In [95]: mle_geosse = sse.fit_classe(root,data,nstate=3,pidx=pidx)

5.7.3. Creating the pidx array¶

When the number of states is large, the number of lambda parameters gets to be very high. It can be difficult to manually create the lambdaidx array. Fortunately, ivy has a convenience function for creating the lambda array.

Using the make_blank_lambda function, you can create a lambda array filled with a single “background” parameter. You can then manually fill in the parameters that are different from the background parameter. If we wanted to create the GeoSSE lambda array, we could do it like this:

In [96]: lambdaidx = sse.make_blank_lambda(k=3,fill=0) # Fill can be any integer
In [97]: lambdaidx[0,0,1] = lambdaidx[1,1,1] = 1
In [98]: lambdaidx[0,0,2] = lambdaidx[2,2,2] = 2
In [99]: lambdaidx[0,1,2] = 3
In [100]: lambdaidx
Out[100]:
array([[[0, 1, 2],
        [0, 0, 3],
        [0, 0, 0]],

       [[0, 0, 0],
        [0, 1, 0],
        [0, 0, 0]],

       [[0, 0, 0],
        [0, 0, 0],
        [0, 0, 2]]])

5.7.4. Creating a likelihood function¶

If instead of finding the best-fit values for a ClaSSE model, you want to create a likelihood function to find the likelihood values of parameters directly, or to use in a Bayesian context, you can use the make_classe function.

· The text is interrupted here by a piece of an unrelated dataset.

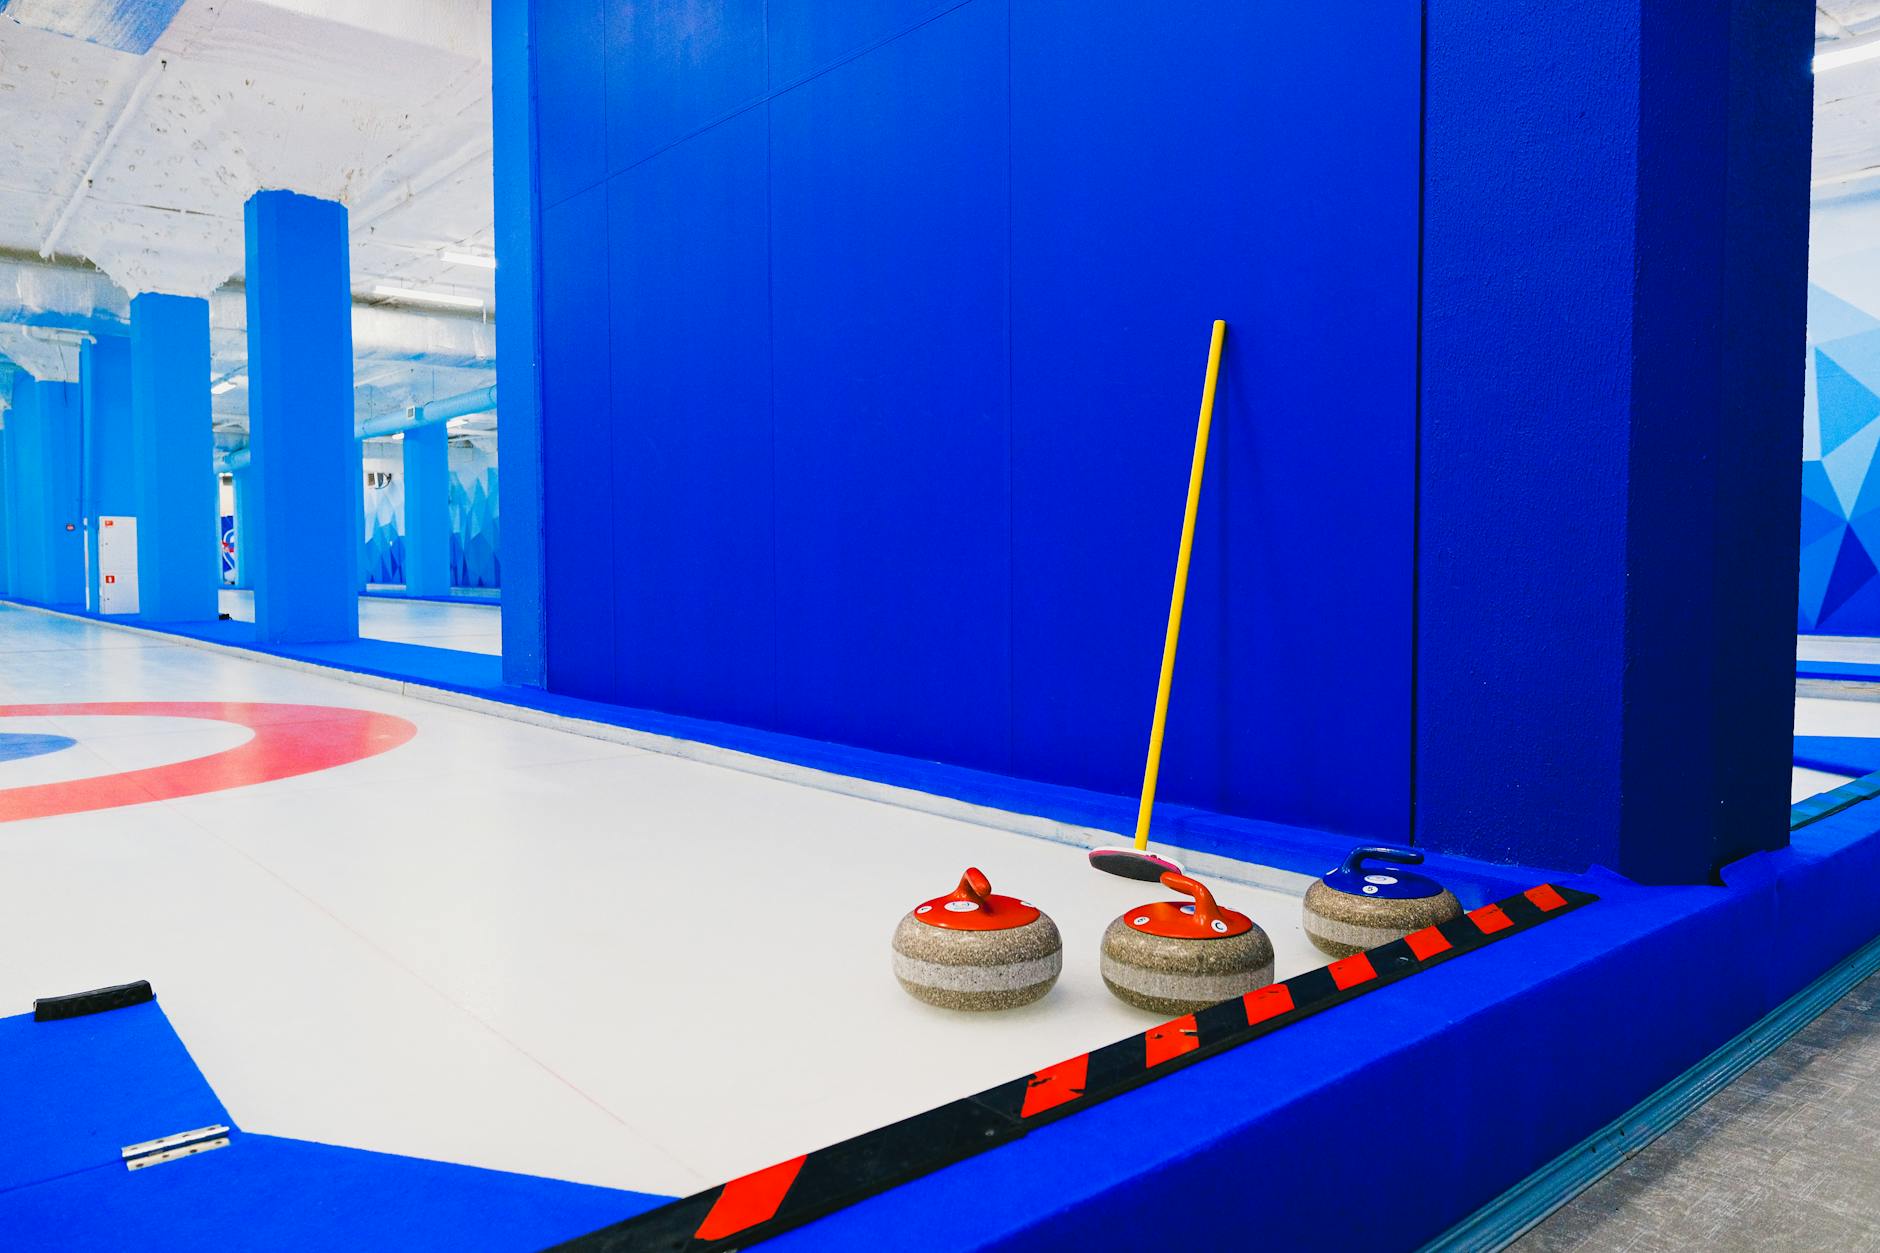 Curling stones and broom near wall

In [101]: f = sse.make_classe(root,data)

Create a classe likelihood function to be optimized with nlopt or used
in a Bayesian analysis

Here is a full explanation of the fit_classe function:

Args:
    root (Node): Root of tree to perform the analysis on. MUST BE BIFURCATING
    data (dict): Dictionary mapping node tip labels to character states.
      Character states must be represented by ints starting at index 0.
    nstate (int): Number of states. Can be more than the number of
      states indicated by data. Optional, defaults to number of states in data.
    pidx (dict): Dictionary of parameter indices. Each integer in the
      array, with the exception of 0, corresponds to a unique paramter
      in the parameter array that is given to the likelihood function.
      0 indicates that the value for that parameter is 0.0.
      Any indices in the array that are not "legal" (for example, lambda value 010 or
      q value 00) are ignored.

      Optional. If not given, defaults to an "all-rates-different"
      configuration.
      Dictionary items are:
      "lambda": k x k x k array of indices indicating lambda values.
                The first dimension corresponds to the parent state,
                the second to the first child's state, and the third
                to the second child's state.
                Example:
                np.array([[[1,2],
                           [0,3]],
                          [[4,5],
                           [0,6]]])
      "mu": k-length 1-dimensional array containing mu indices.
            Example:
            np.array([7,8])
      "q": k x k array of indices indicating q values. The first
           dimension corresponds to the rootward state and the second
           dimension corresponds to the tipward state.
           Examaple:
           np.array([[0,9],
                     [10,0]])
    condition_on_surv (bool): Whether to condition the likelihood on the
      survival of the clades and speciation of subtending clade. See Nee et al. 1994.
    pi (str): Behavior at the root. Defaults to "Equal". Possible values:
      Equal: Flat prior weighting all states equally
      Fitzjohn: Weight states by relative probability of observing data (Fitzjohn et al 2009)
      Given: Weight by given pi values.
    pi_given (np.array): If pi = "Given", use this as the weighting at the root.
      Must sum to 1.
    startingvals (np.array): Starting values for the optimization. Optional, defaults to 0.01 for all values.
Returns:
    function: Function that takes an array of parameters as input.